Bioethics   |   Steven Ertelt   |   May 27, 2005   |   9:00AM   |   WASHINGTON, DC

Massachusetts Gov. Romney Vetoes Embryonic Stem Cell Research Bill Email this article
Printer friendly page

by Steven Ertelt Editor
May 27, 2005

Boston, MA ( — Massachusetts Governor Mitt Romney vetoed a bill Friday that would promote unproven embryonic stem cell research in the Bay State. Romney turned back the legislation even though he knows the state legislature has the votes to override the veto.

Romney said at a news conference that he was unable to sign the bill because it promoted human cloning to create human embryos with the sole intention of destroying them for research.

The Republican governor said he could not "in good conscience allow this bill to become law," in a letter to lawmakers.

The state legislature is expected to take up a veto override vote next week. Last month, the Senate passed a similar version of the measure, 35-2, and the House passed a similar version, 117-37.

Though the measure sailed through the Senate, some lawmakers who support it have concerns.
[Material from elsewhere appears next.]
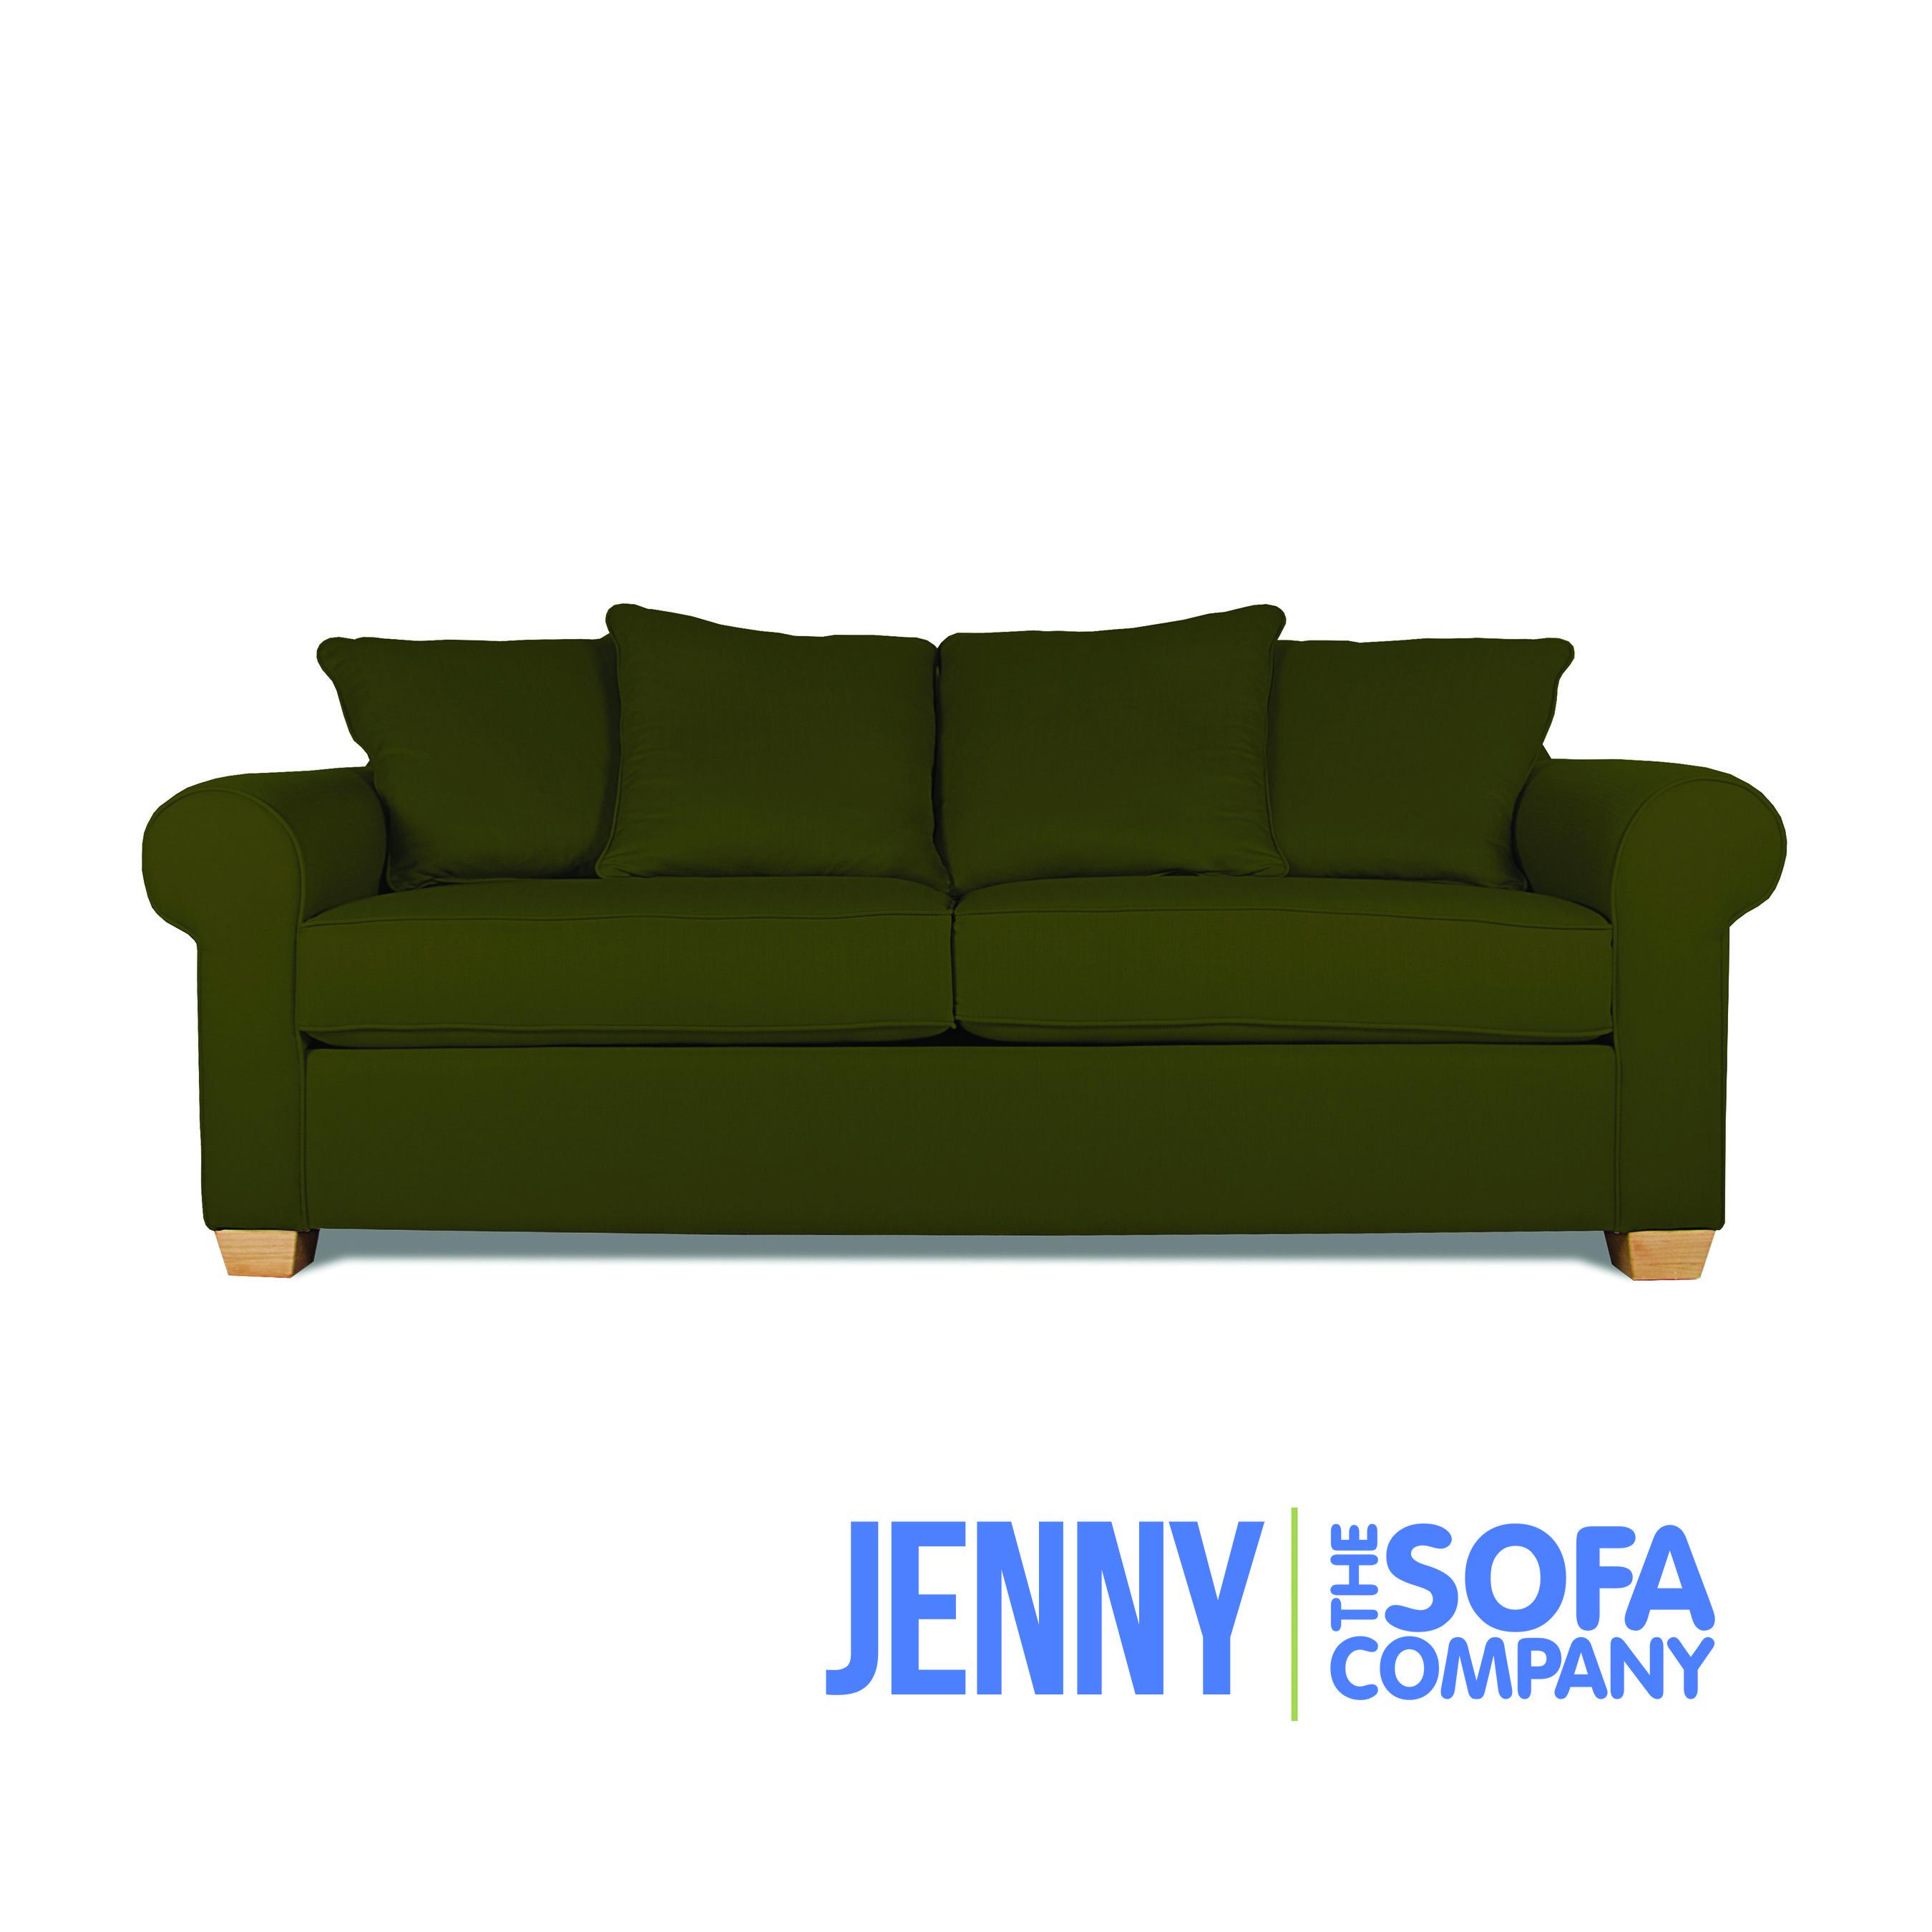 Jenny Sofa Style By The Sofa Company Www.thesofaco.com

State Sen. Cynthia Creem, a Democrat, said during debate that she worried the sale of eggs collected from women for use in human cloning techniques would lead to the exploitation of poor women who need the money they receive as a result.

State Rep. Brad Hill, an opponent of the bill, agrees and told the Associated Press, "We wanted to take a little bit slower. We don’t want to see women abusing their bodies."

Pro-life groups oppose the bill because it would allow scientists to clone human embryos and destroy them to obtain their stem cells for research. It would also remove the requirement that research first obtain permission for studies involving embryonic stem cells.

The bill gives the Massachusetts Department of Public Health some regulatory control, as long as it does not undermine the premise of the bill.

The legislature must be notified 60 days before a regulation takes effect and lawmakers can suggest changes to it.